→ **Work instruction**:
An exact repetition of the data is required; no picture should appear in it.

*** Opening of Provided data ***

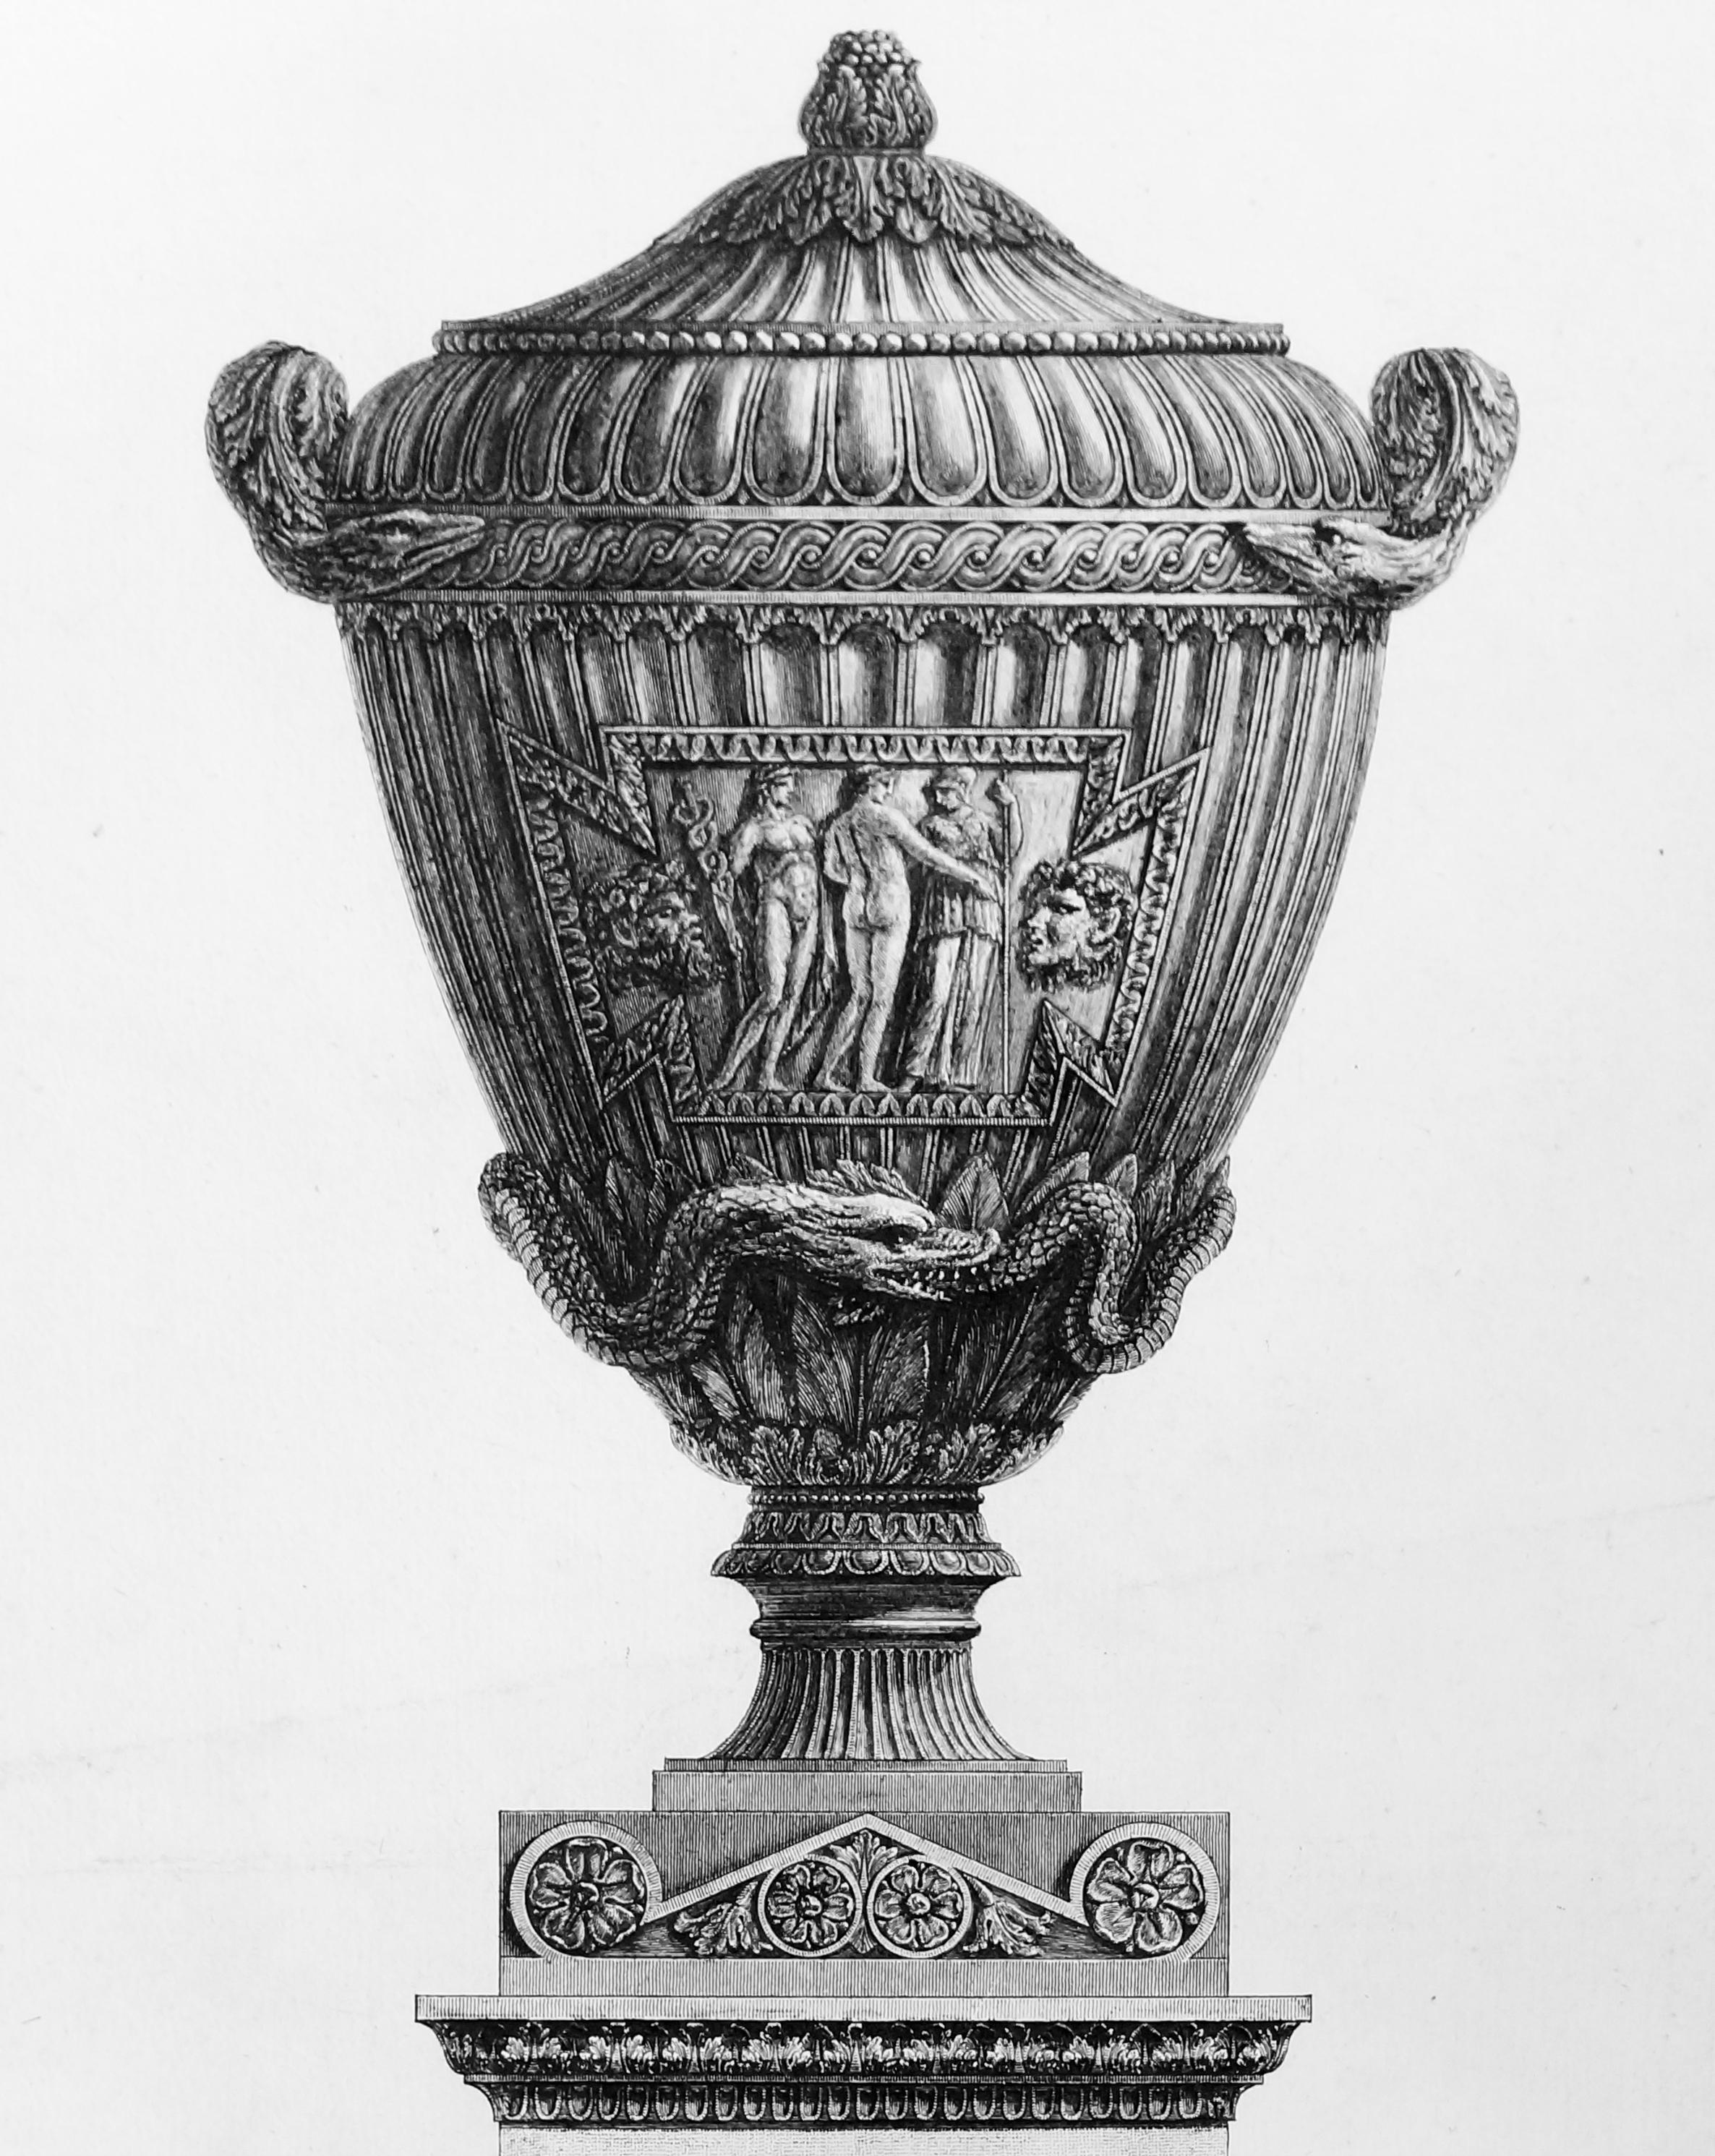 Vasi Antichi di Marmo Eccellentemente Scolpiti... - Etching - 1778 - Print by Giovanni Battista Piranesi
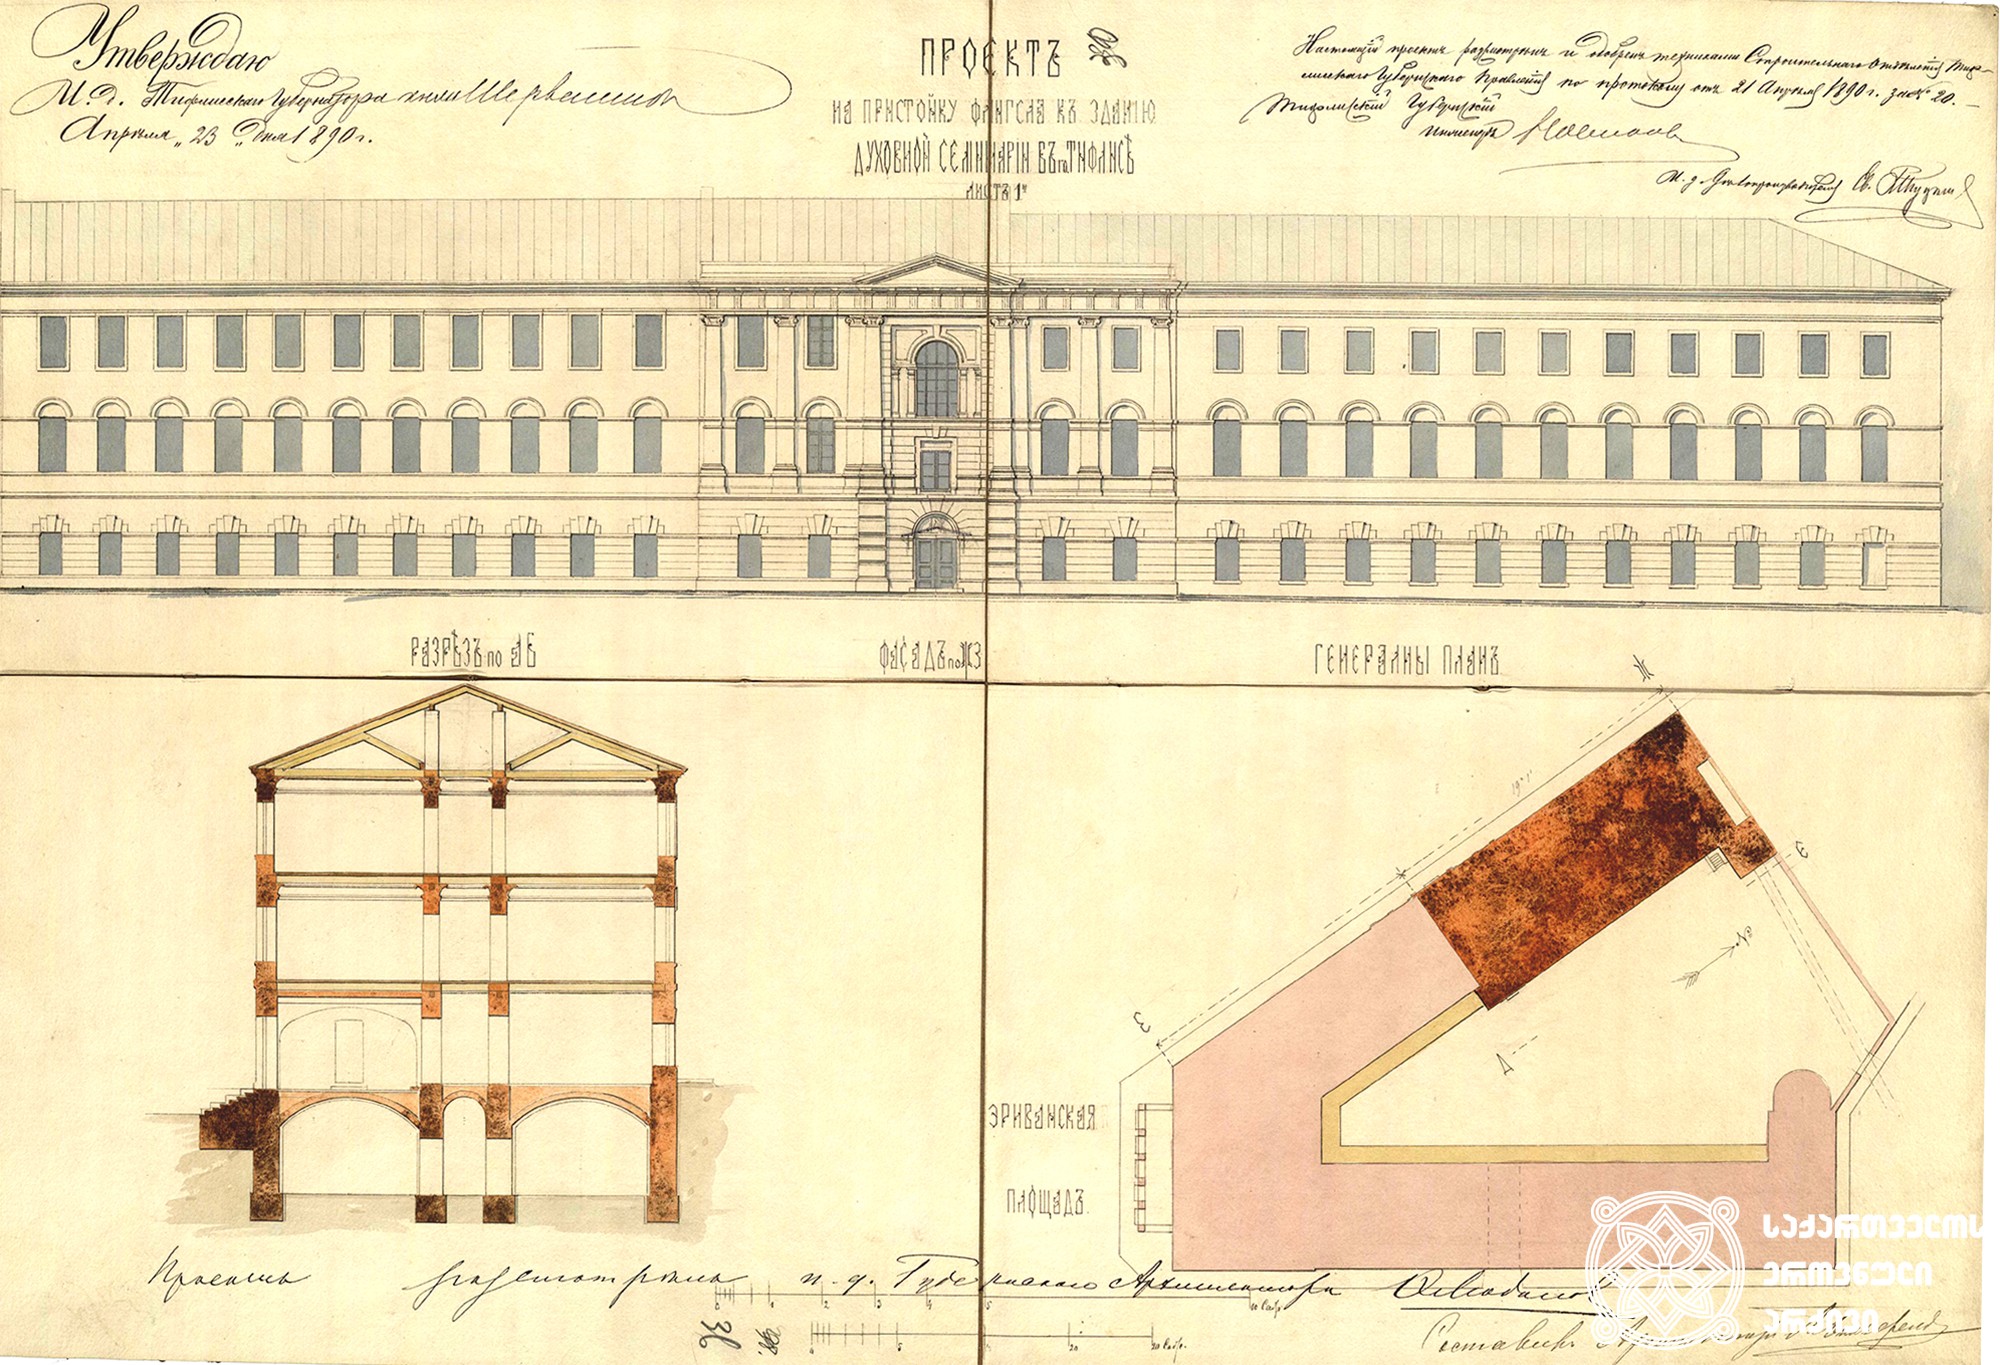 თბილისის სასულიერო სემინარიის შენობაზე ლორის-მელიქოვის (დღევანდელი ლადო გუდიაშვილის) ქუჩის მხრიდან ფლიგელის მიშენების პროექტი. <br>
პროექტი განხილული და დადასტურებული იყო თბილისის საგუბერნიო მმართველობის სამშენებლო განყოფილების ტექნიკოსების მიერ 1890 წლის 21 აპრილის #20 ოქმით. ხელს აწერდნენ საგუბერნიო ინჟინერი და საქმის მწარმოებელი. პროექტს 1890 წლის 23 აპრილს ამტკიცებს თბილისის გუბერნატორის ტექნიკოსი შერვაშიძე. მიშენების პროექტის ავტორი გახლდათ თბილისში არაერთი შენობის ავტორი, არქიტექტორი - ლეოპოლდ ბილფელდი.

*** Close of Provided data ***

→ **Your solution**:
 Vasi Antichi di Marmo Eccellentemente Scolpiti... - Etching - 1778 - Print by Giovanni Battista Piranesi
 თბილისის სასულიერო სემინარიის შენობაზე ლორის-მელიქოვის (დღევანდელი ლადო გუდიაშვილის) ქუჩის მხრიდან ფლიგელის მიშენების პროექტი. <br>
პროექტი განხილული და დადასტურებული იყო თბილისის საგუბერნიო მმართველობის სამშენებლო განყოფილების ტექნიკოსების მიერ 1890 წლის 21 აპრილის #20 ოქმით. ხელს აწერდნენ საგუბერნიო ინჟინერი და საქმის მწარმოებელი. პროექტს 1890 წლის 23 აპრილს ამტკიცებს თბილისის გუბერნატორის ტექნიკოსი შერვაშიძე. მიშენების პროექტის ავტორი გახლდათ თბილისში არაერთი შენობის ავტორი, არქიტექტორი - ლეოპოლდ ბილფელდი.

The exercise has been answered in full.